Our great business-wallahs, nonetheless, have a reason to be happy because our finance minister is not interested to take action against the ‘fake VAT Bill’ scammers and tax-evaders. Well, it seems our communists really like the gung-ho capitalists far better than ordinary folks. So what does that mean? Well, our business houses will probably have a lot of spare changes to contribute for the next year’s May Rally organized by our trade unions!
They finally got Osama! What can we learn from the Amrikis? Well, it doesn’t matter if it takes you 10 years even after spending billions of dollars. At the end of the day, you get your things done! Osama is finally dead and President Obama is also back from being politically dead. His poll numbers will get some boost but come election time, the Amrikis will vote for somebody else if their paycheck is not enough to cover their expenses.
Finally, after two months of haggling for lucrative ministries, our buddies and the Madeshi netas have decided to join Jhallu Baba’s cabinet! If you are a business-wallah, tender-wallah and agents for foreign companies then this is time to get your things done. Of course, you will need to come up with the right price. Our ministers are already itching to sign your papers because they want to make some dough before things go awry again.
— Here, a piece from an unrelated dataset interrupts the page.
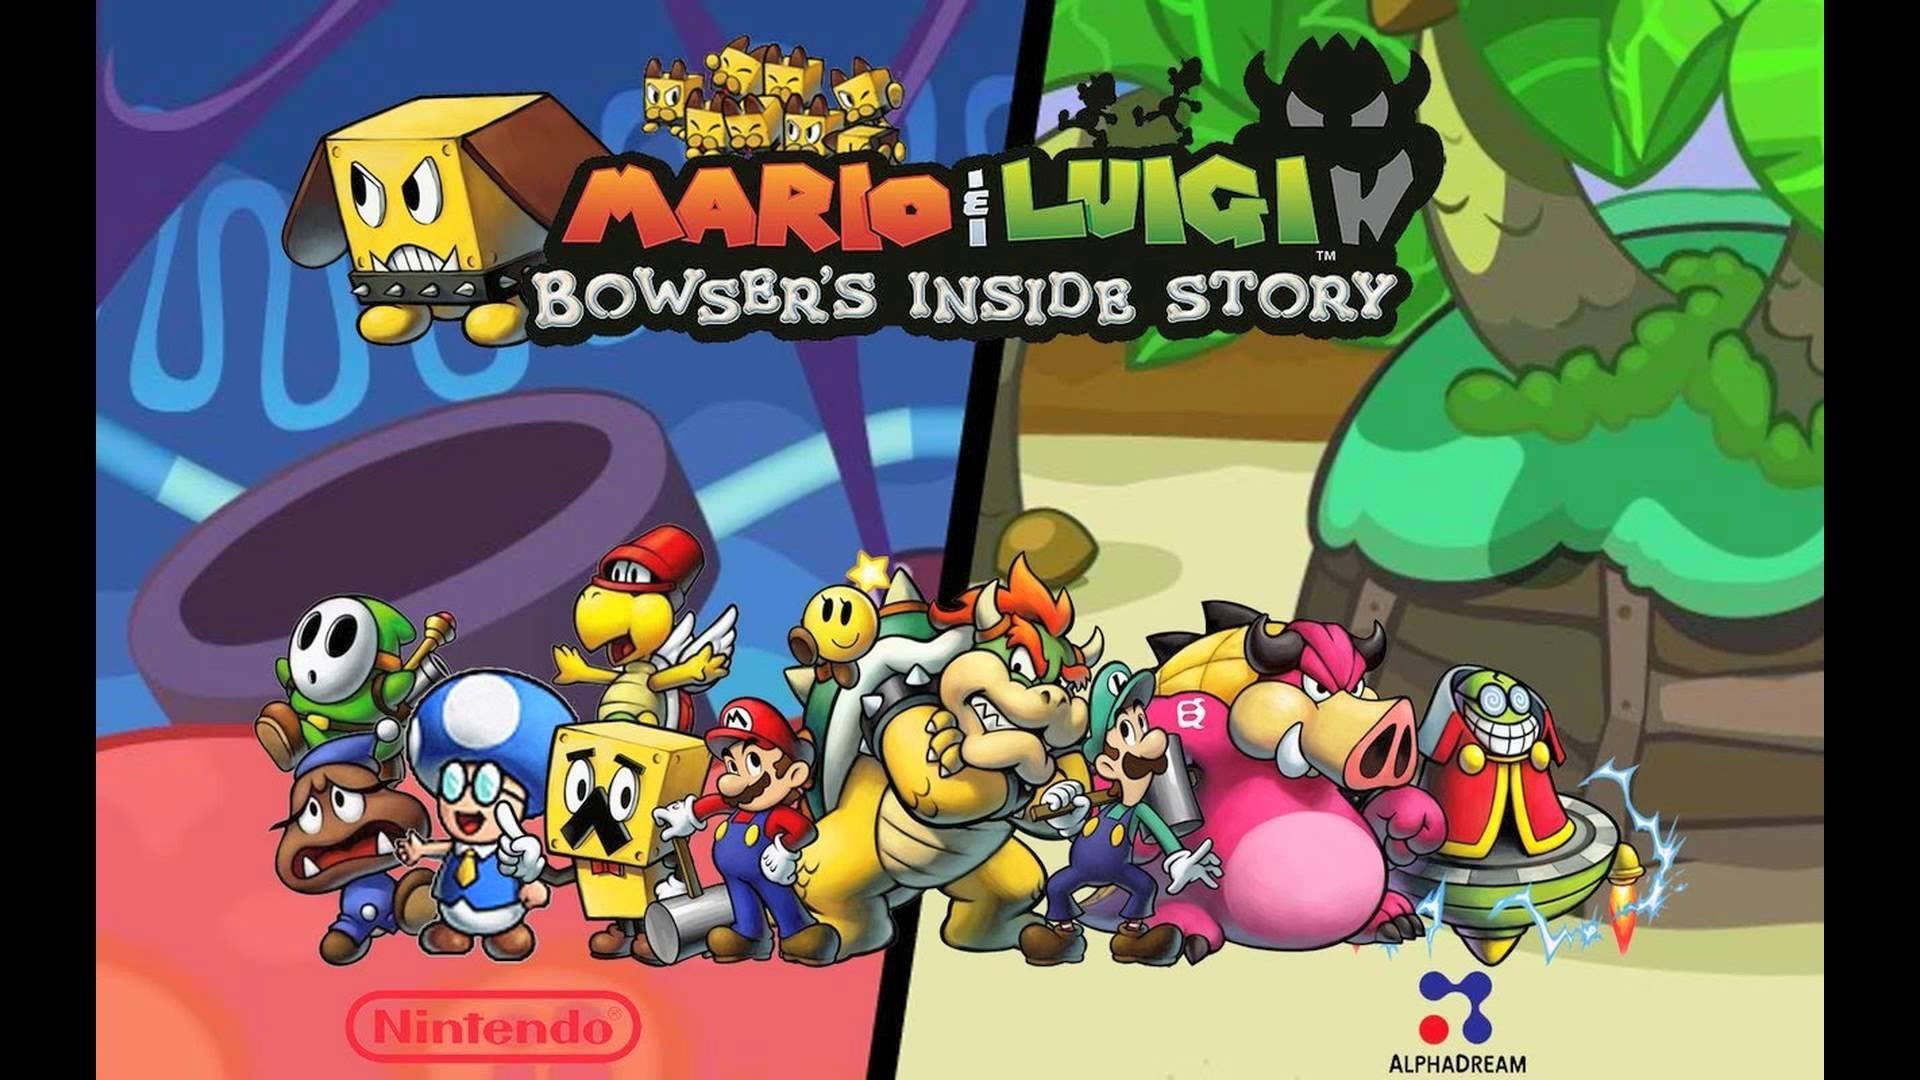 Res: 1920x1080, Mario & Luigi: Bowser's Inside Story HD Wallpaper HD

And what about us, the people? Well, we the people will keep on funding our CA members’ salaries and perks while they work diligently to enrich the law-breakers, tax-evaders and their chamchas!
As for the rest of us, we can do nothing but wait and hope our netas will come together, find a common ground and give us the much delayed new constitution. But Nepali jantas are used to waiting for everything. Here in Nepal, the only folks who can afford anything are our great netas and their chamchas and our ‘hardworking’ sarkari hakims and the business-wallahs who get refund on taxes they never paid. What about us? We have only two options, either to go abroad for a few dinars or languish here in the hopes that things will change for better.
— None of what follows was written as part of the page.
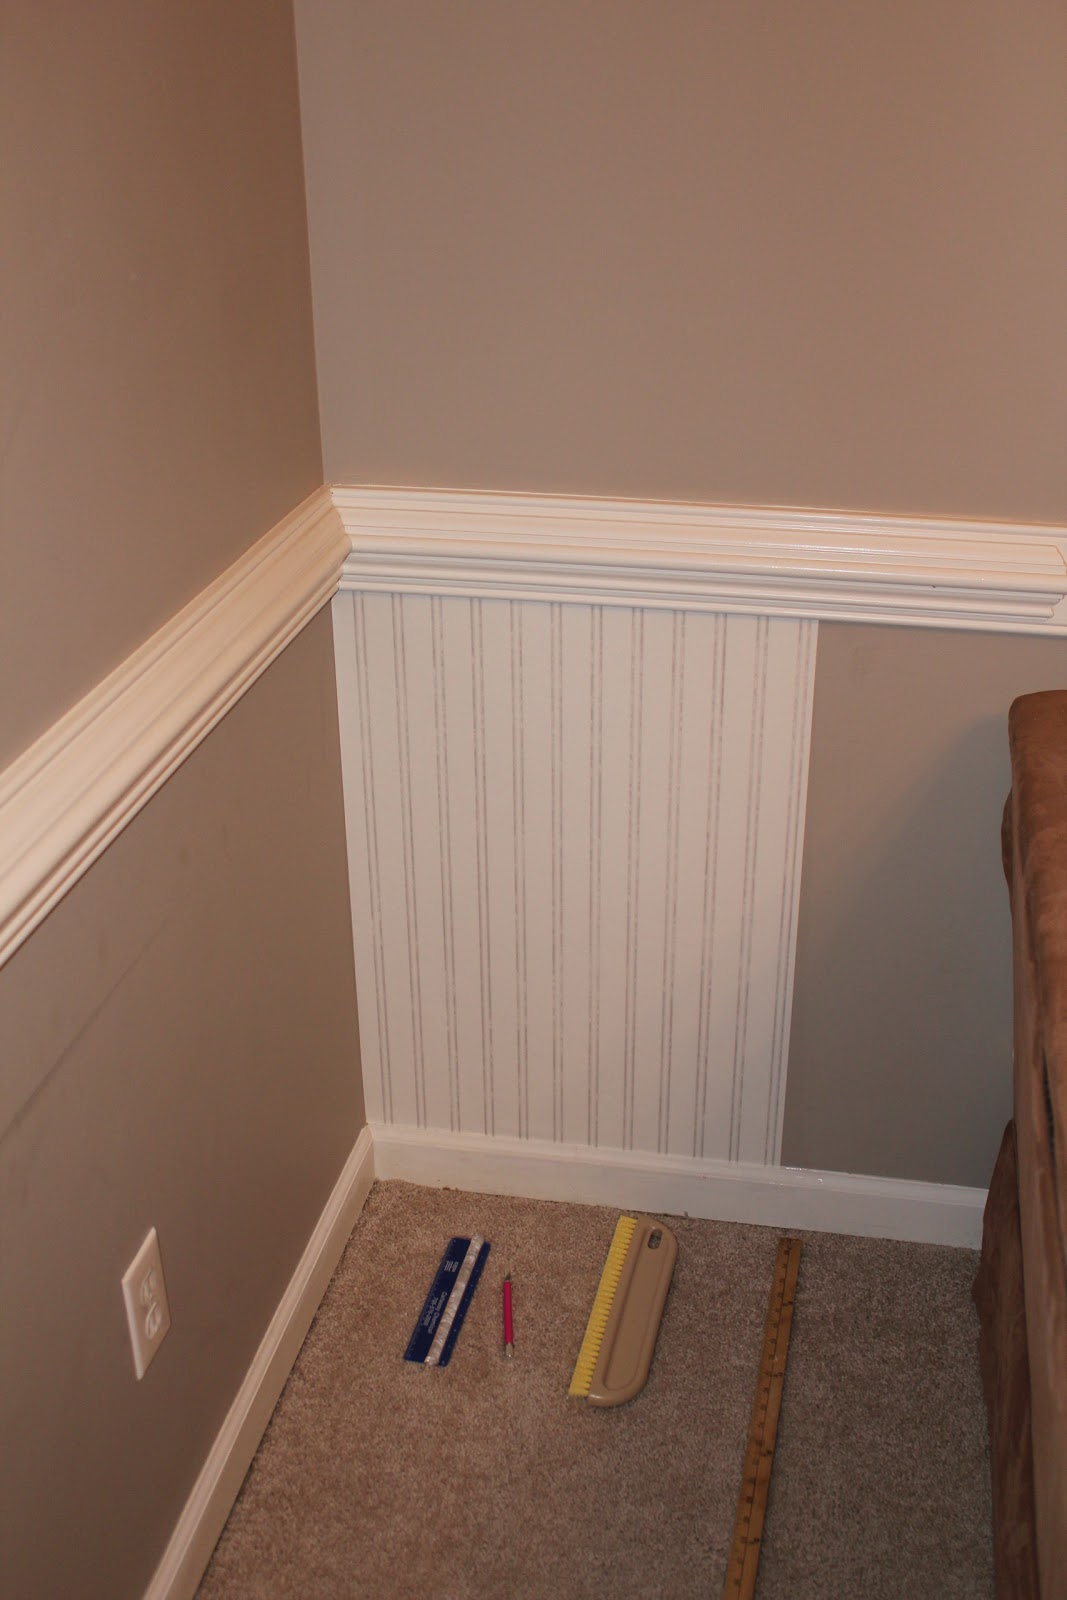 Image Of Brown Beadboard Gallant Oak Interior Wall Paneling

We stay in line for 12 hours to get some fuel. But thanks to our Desi bhais and their 3 billion Rupees credit, Kathmanduites will soon have enough fuel to go to the Last Resort or Dulikhel or just drive around Kathmandu to attend parties and what not! It is a different matter that in a couple of months, we will be back to waiting long hours for few liters of petrol and cursing NOC and our netas. Food prices go up every year and we don’t complain. Some of us just shake our heads, curse the vegetable seller, the butcher or the taxi-driver and go on with our lives. Some of us, however, go around slapping our netas.
Jhallu Baba got slapped and he became prime-monster, and now comrade Jhakku is the recent winner of ‘Slap a CA member’ bumper prize. I hope Jhakku will be our next prime-monster because once you get slapped by the ‘Slapping Swamis’ your luck change overnight!
And once again, Upendra Yadav is our foreign minister! I hope he breaks his previous records with more foreign junkets this time round. Maybe he should start packing his bags right now and go on another ‘world tour’. Visit 10 different countries in 20 days, come back and write a travelogue!
He can publish the travelogue in three different languages -- Nepali, Hindi and English, and go on a book promotion tour fully sponsored by the Indian Embassy. Talking about the Indian Embassy, why are the folks in Delhi sending us ‘nuclear experts’ as ambassadors? First it was Sood, and now it’s Prasad. I hope they don’t have some kind of mini-nuclear reactor in the Embassy!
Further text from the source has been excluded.